Great. Thanks for the color.

Thank you. And our next question comes from Yigal Nochomovitz with Citigroup.

How are you doing?

Thanks for taking the question, Emil. Just a question on Glut1 DS trial design, did you at all consider the following design, Trihep plus ketogenic versus ketogenic, does that make any sense? And would you consider that maybe for a future trial? And if not, why not? Thanks.

Well, we've considered it and actually have some supported some investigator studies to look at it. The trick to adding trihep to ketogenic diet is it is complicated from a metabolic standpoint, and how you account for trihep in the mix, but we know, and in our seizure study enrollment, one of the challenges we had in enrollment, is that there were people who were prescribed a ketogenic diet, were still having seizures, wanted to be in our study, but they didn't want to stop taking what they were trying in ketogenic diet, even if incompletely effective in how they were doing it. So that made it challenging. So if you were going to do the ketogenic diet add-on study, you also then needed to figure out what is it you're adding on to? You can't have a random array of implementation of ketogenic diet also.

It adds another level of complexity. We do think, however, and you're right, it's an important study to look at. We've decided to support some pilot patients through investigator studies, just to get a little more experience, to understand how to use the combination. We currently believe there is a role for triheptanoin as an add-on ketogenic diet, but it wouldn't necessarily be a complete [prohibition], but it may be, require some complexity in how you manage it, and how you manage diet in the context. But to try to do the first randomized control study that way, I think is tricky to do because it's just complicated, because remember the placebo we're using is not really in the context of the ketogenic diet, it's not a placebo. That is safflower oil, long-chain oil can be part of the ketogenic diet, so it's actually relatively inactive in that situation. It's a complicated story. I guess for everyone there, we thought about it, we are looking at investigator studies. We may do it in the future, but we decided to work on the seizure and the movement disorder in the placebo-controlled setting as a first line approach. And then we'll look at how to use it in add-on mode.
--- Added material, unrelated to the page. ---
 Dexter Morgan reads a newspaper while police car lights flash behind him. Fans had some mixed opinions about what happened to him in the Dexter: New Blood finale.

All right. That's very helpful. And just a question on clarifying, Shalini, what you mentioned about the 17,000 for the named patient sales, is that just basically reimbursement at cost? I guess I would have assumed a higher number even for one patient, given where you expect to price that drug? Thanks.
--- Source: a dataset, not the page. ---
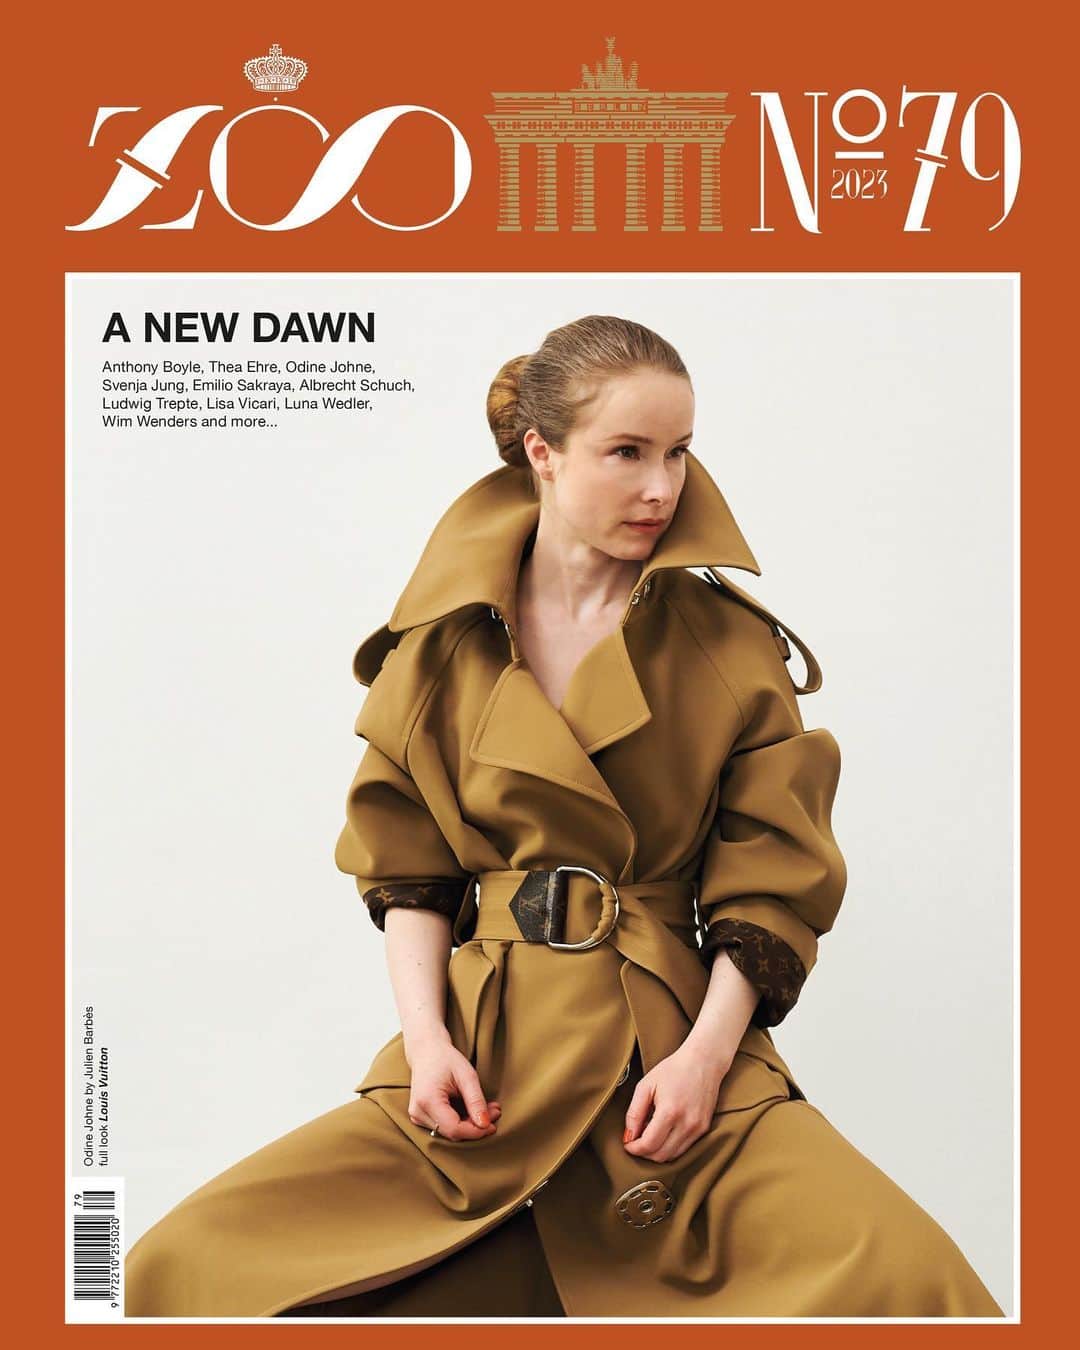 ZOO Magazineさんのインスタグラム写真 - (ZOO MagazineInstagram)「ZOO MAGAZINE ISSUE #79: A NEW DAWN  Odine Johne by Julien Barbès Shot and interviewed exclusively for ZOO MAGAZINE - 20 YEARS   Odine wears: Full look Louis Vuitton @louisvuitton  A veteran of the German entertainment field – film and theater actress, and writer – Odine Johne sits down with ZOO to discuss her professional journey, critically reflect on the German film industry as a social institution, and express her hopes for the future. Having been exposed to the industry at an early age, Odine reminisces on her earliest forays into acting and the challenges she encountered therein. Providing sociopolitical commentary on what it really means to be an actress in our day and age, Johne does not hold back, timidity is not on her agenda.  Despite her palpable passion for acting, Odine is not afraid to highlight the darker sides of the industry, from its hierarchical organizational structures to narrow female representations and extreme working conditions. Beyond such practical considerations, Odine also reflects on the positionality and responsibility of German entertainment as it pertains to political and social causes. She seamlessly weaves past experiences with her current projects and future ambitions, providing a highly personal insight into her creative processes while retaining a confident intellectual perspective on the broader themes and practices which, in her eyes, offer true value to the filmmaking experience.  Photographer: Julien Barbès @studiojulienbarbes Talent: Odine Johne @odinejohne  Stylist: Camille Franke @camille.franke Hair and Makeup: Andreas Bernhardt @andreashbernhardt @basics.berlin Location: Studio Batterie @studiobatterie Stylist’s Assistants: Antonio Chiocca and Johanna Rill @antoniochiocca_stylist @rilljohanna  Interview: Anne Sophie Kimpel @annesophiekimpel Production: ZOO MAGAZINE   #ZOO79 #ZooMagazine #SandorLubbe #photography #fashionphotography #cinema #louisvuitton #JulienBarbes #OdineJohne #anewdawn  #20YEARSZOOMAGAZINE」6月22日 1時35分 - zoomagazine

Right. So for named patient sales, we are currently recognizing revenue upon receipt. So this reflects the receipt of payment from one of our sites. The dosing of the drug also depends upon the size of the patient. It is a weight-based dosing. And this patient happens to be an infant. So the pricing is dependent a little bit on the number of kilograms per patient. So it would be very hard to interpret what the $17,000 means, if you don't know what period of treatment is covered, or what the weight of the patient is, et cetera. So I can't provide a lot more detail on that. We haven't disclosed what our per program pricing is for named patient sales. But it isn't done at cost, and it is highly dependent on the weight of the patient.

Got you. Thank you.

Thank you. And our next question comes from Arlinda Lee with Canaccord. Your line is now open.
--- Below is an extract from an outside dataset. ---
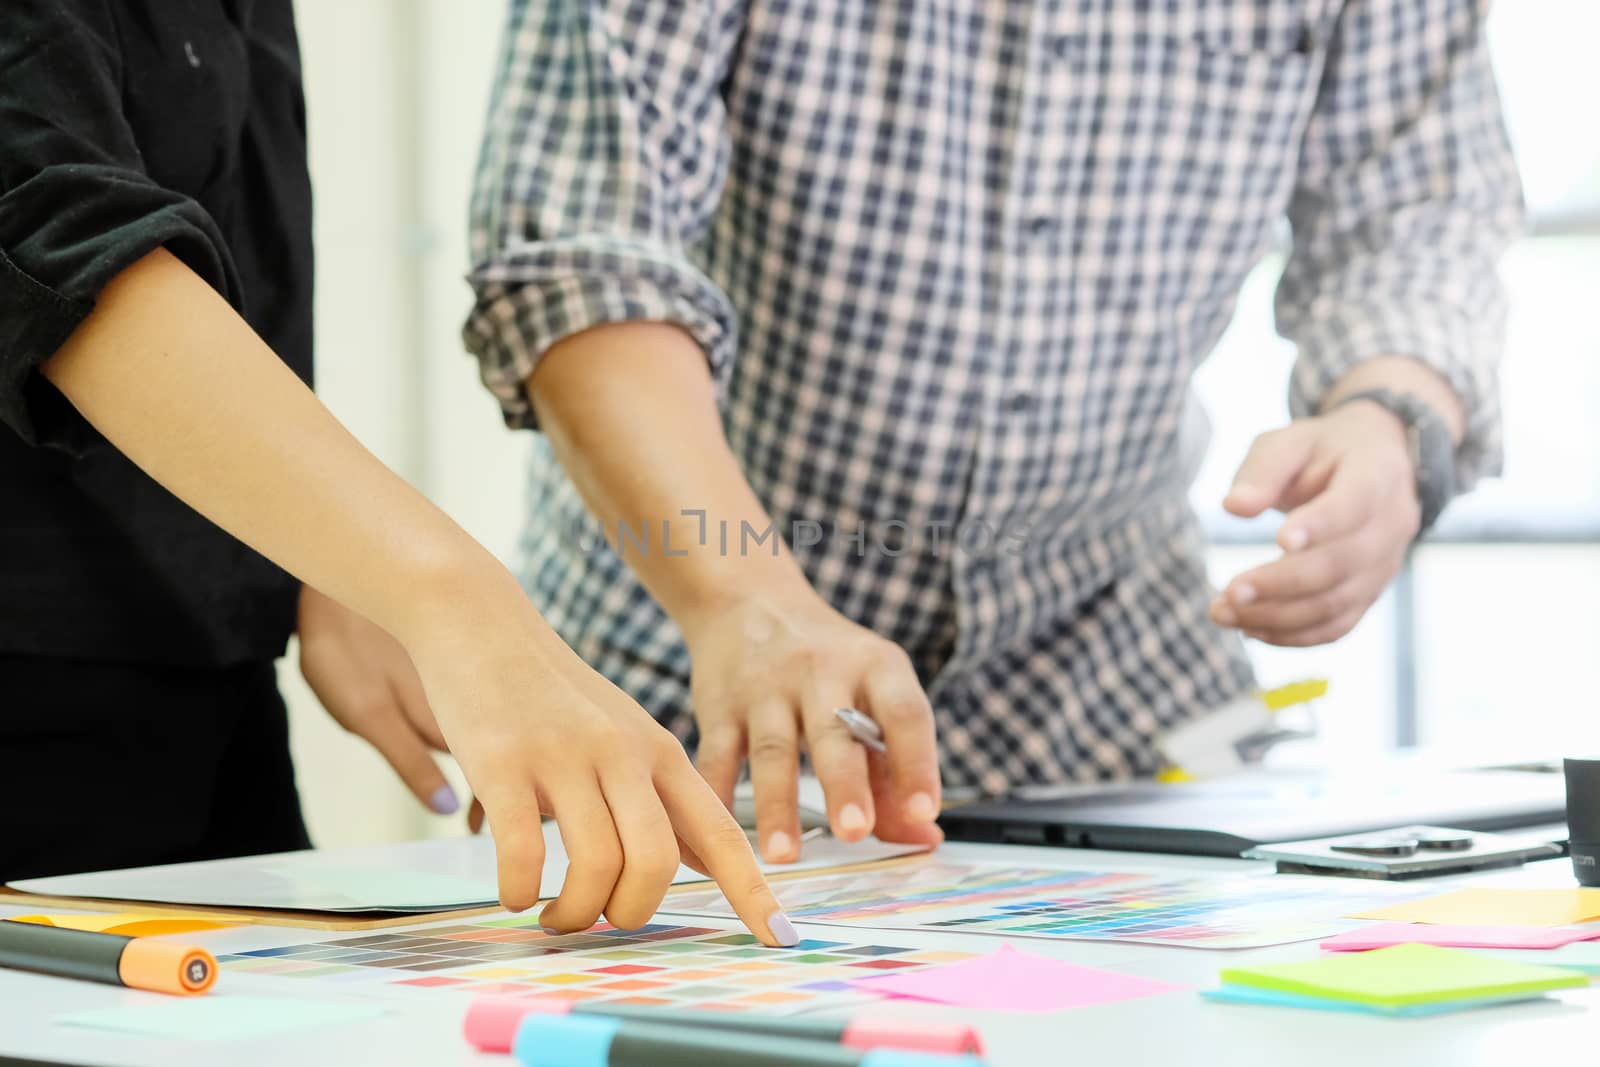 Graphic designer Team working on creative office with create graphic on computer.

Hi guys. Thanks for taking my questions. Maybe to follow up on the named patient sales, and I know you can't disclose pricing, but is the named patient sales pricing along the lines of the pricing that we would see in the commercial setting?

Well, the pricing that you see in the commercial setting, it obviously depends on the molecule, and the average weight of the patient, and things like that. But it's certainly within the ballpark of what you would see for other enzyme replacement therapies for MPF disorders.

Okay. Great and then on the KRN23 Phase 3 pediatric study initiation, what are the gating factors? We're going to see some additional 40-week data and 64-week data later this year. It doesn't sound like that's going to be part of something that will restrict the start of the Phase 3? I guess I'm kind of curious, what is there left to be done in terms of trial design, or anything else? Thanks.

Well, right now the trial design is completed, and the program has been filed at sites and is in progress. There's nothing holding, we're not waiting for any data. We think we had enough data so far, in the Piece program, to design it, with the RHAIC, the standard of care, the recurrent treatment control arm, and all of that. So we're just going in execution mode right now, and there's nothing really dependent on any data that would alter what we do.

Okay. Great. And then I guess lastly, as you think about building our pipeline early stage, and so on, I guess I am kind of curious on the Takeda deal, what kind of led you to that collaboration over others? How do you see collaborations in building your pipeline going forward? Thank you.

Well, we've talked with a number of parties. But the group at Takeda has really put a big effort into externalizing innovation there, and they had a pretty substantial catalog of compounds and rare disease opportunities, that they just were not able to do on their own. They wanted to find an expert partner. And I think for us, a deal which brought us a partner with cash, with med chem-type products which are things we wouldn't be able to develop on our own, made for reasonable synergy in terms of creating value. We knew the rare disease space and how to approach development in an efficient way, and they had molecules which they had spent a considerable effort on developing, which we can turn into something of value. And I think that's a good partnership, when both sides are contributing something important to the deal.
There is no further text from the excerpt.